This classic optimization method updates weights using the negative gradient of the loss function.
What is Gradient Descent?
This foundational CNN architecture, introduced in 1998, was designed for handwritten digit recognition.
What is LeNet?
This technique randomly disables neurons during training to reduce overfitting.
What is Dropout?
This landmark 2017 paper introduced the Transformer architecture with the phrase “Attention Is All You Need.”
What is the Transformer?
This learning framework trains agents through rewards and punishments from interactions with an environment.
What is Reinforcement Learning?
This variant of gradient descent uses only one training example at a time for updates.
What is Stochastic Gradient Descent (SGD)?

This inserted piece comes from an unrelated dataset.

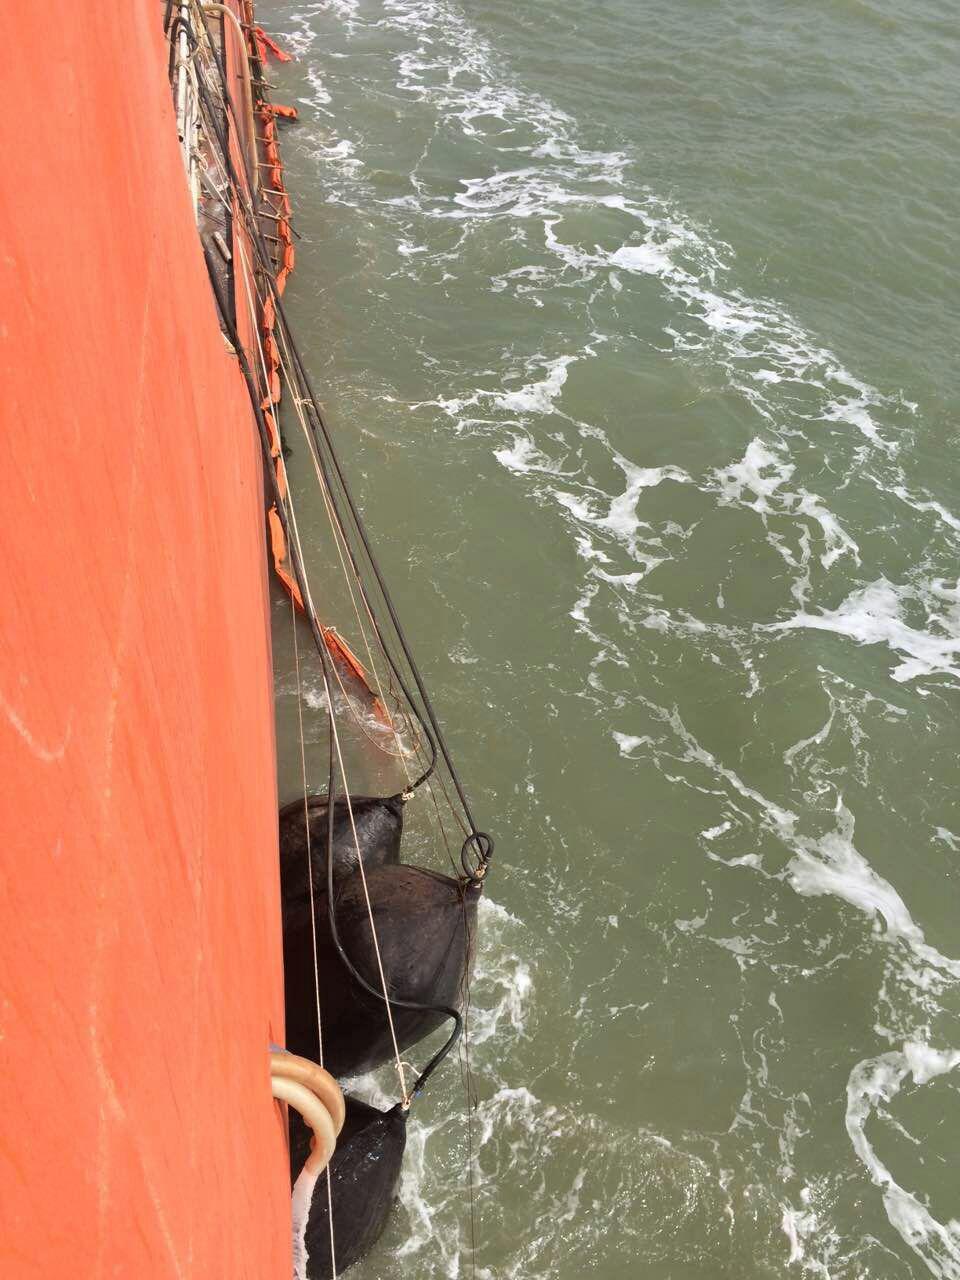 青岛永泰助浮气囊助力万吨搁浅油轮成功脱困

This 2012 CNN architecture dramatically improved ImageNet performance using ReLU activations and GPUs.
What is AlexNet?
This regularization method adds a penalty proportional to the square of the weights.
What is L2 Regularization (Weight Decay)?
This mechanism allows a model to focus on different parts of an input sequence simultaneously.
What is Self-Attention?
This component in reinforcement learning decides which action an agent should take.
What is a Policy?
This optimizer combines momentum with adaptive learning rates using first and second moment estimates.
What is Adam?
This architecture introduced very deep networks using small 3×3 convolution filters.
What is VGGNet?
This method stops training when validation performance begins to worsen.
What is Early Stopping?
This Transformer-based language model introduced bidirectional pretraining for NLP tasks.
What is BERT?
This value represents the expected cumulative future reward from a given state.
What is the Value Function?
This optimization technique helps accelerate SGD by adding a fraction of the previous update vector.
What is Momentum?
This CNN architecture introduced “skip connections” to address vanishing gradients in deep networks.
What is ResNet?
This data augmentation technique flips, rotates, or crops images to improve generalization.
What is Image Augmentation?
This family of autoregressive Transformer models is known for large-scale text generation.
What is GPT?
This popular RL algorithm updates action values using the Bellman equation and temporal-difference learning.
What is Q-Learning?
This optimizer modifies AdaGrad by using an exponentially decaying average of squared gradients.
What is RMSProp?
This architecture uses “Inception modules” to process multiple convolution sizes in parallel.
What is GoogLeNet (Inception Network)?
This normalization technique stabilizes training by normalizing activations within mini-batches.
What is Batch Normalization?
This positional technique injects sequence order information into Transformer embeddings.
What are Positional Encodings?
This tradeoff balances trying new actions versus exploiting known rewarding actions.
What is the Exploration–Exploitation Tradeoff?